#### [What is required]
In the listing below, a line holding "Massimo Bambus Teppich Kupfer, 170x240 cm" and a line holding "Une bannière réalisée" mark the range. Retype both exactly, with all lines between them.

━━━

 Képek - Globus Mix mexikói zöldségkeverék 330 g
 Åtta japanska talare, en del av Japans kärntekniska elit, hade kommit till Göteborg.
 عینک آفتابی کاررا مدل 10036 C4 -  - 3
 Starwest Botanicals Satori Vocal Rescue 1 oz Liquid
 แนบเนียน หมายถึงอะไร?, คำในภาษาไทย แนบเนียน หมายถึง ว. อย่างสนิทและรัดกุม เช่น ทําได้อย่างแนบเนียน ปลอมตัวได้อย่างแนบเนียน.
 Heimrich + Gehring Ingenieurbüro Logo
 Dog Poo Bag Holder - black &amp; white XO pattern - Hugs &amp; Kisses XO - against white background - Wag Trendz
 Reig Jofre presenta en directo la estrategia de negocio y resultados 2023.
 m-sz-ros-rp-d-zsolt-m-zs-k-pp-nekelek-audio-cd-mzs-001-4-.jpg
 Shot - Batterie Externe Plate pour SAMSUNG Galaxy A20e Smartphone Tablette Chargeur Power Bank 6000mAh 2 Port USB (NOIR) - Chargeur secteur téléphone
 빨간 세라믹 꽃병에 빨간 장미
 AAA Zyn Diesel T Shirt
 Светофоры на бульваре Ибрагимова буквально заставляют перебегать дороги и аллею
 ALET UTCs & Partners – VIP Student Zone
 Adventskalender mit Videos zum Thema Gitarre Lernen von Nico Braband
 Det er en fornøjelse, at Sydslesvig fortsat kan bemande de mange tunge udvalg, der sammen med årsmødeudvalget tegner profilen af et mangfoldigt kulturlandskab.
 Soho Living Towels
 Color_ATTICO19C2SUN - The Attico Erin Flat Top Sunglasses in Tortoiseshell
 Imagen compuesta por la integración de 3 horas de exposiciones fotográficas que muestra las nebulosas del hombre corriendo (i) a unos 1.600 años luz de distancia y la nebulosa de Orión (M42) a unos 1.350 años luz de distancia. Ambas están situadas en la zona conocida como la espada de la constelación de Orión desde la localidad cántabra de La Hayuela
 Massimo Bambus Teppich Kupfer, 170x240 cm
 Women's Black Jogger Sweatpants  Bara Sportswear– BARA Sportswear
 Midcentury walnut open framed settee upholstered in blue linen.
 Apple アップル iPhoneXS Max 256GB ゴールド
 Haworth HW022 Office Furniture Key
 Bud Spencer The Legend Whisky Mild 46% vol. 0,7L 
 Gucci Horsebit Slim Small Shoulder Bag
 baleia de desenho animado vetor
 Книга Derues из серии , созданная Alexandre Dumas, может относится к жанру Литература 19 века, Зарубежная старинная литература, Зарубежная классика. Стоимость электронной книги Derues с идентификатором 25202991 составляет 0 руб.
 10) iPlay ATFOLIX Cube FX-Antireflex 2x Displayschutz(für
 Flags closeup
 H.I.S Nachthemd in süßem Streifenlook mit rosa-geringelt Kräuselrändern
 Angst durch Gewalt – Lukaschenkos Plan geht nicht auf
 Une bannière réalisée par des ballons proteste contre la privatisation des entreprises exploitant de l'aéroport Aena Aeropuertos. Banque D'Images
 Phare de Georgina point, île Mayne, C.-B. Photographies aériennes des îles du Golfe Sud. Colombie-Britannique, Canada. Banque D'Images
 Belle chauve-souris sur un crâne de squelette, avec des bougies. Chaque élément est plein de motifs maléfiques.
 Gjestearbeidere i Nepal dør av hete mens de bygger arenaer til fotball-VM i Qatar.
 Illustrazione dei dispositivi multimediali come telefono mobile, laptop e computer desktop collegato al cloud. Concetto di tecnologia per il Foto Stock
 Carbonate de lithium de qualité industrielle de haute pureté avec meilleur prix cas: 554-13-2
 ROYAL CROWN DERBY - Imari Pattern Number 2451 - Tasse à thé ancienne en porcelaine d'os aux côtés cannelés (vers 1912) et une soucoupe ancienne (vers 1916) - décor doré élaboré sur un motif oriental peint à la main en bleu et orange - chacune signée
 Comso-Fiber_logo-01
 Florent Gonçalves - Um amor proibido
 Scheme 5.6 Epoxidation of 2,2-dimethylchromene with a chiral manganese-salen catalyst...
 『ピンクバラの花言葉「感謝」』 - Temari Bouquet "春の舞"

━━━

#### [Result]
 Massimo Bambus Teppich Kupfer, 170x240 cm
 Women's Black Jogger Sweatpants  Bara Sportswear– BARA Sportswear
 Midcentury walnut open framed settee upholstered in blue linen.
 Apple アップル iPhoneXS Max 256GB ゴールド
 Haworth HW022 Office Furniture Key
 Bud Spencer The Legend Whisky Mild 46% vol. 0,7L 
 Gucci Horsebit Slim Small Shoulder Bag
 baleia de desenho animado vetor
 Книга Derues из серии , созданная Alexandre Dumas, может относится к жанру Литература 19 века, Зарубежная старинная литература, Зарубежная классика. Стоимость электронной книги Derues с идентификатором 25202991 составляет 0 руб.
 10) iPlay ATFOLIX Cube FX-Antireflex 2x Displayschutz(für
 Flags closeup
 H.I.S Nachthemd in süßem Streifenlook mit rosa-geringelt Kräuselrändern
 Angst durch Gewalt – Lukaschenkos Plan geht nicht auf
 Une bannière réalisée par des ballons proteste contre la privatisation des entreprises exploitant de l'aéroport Aena Aeropuertos. Banque D'Images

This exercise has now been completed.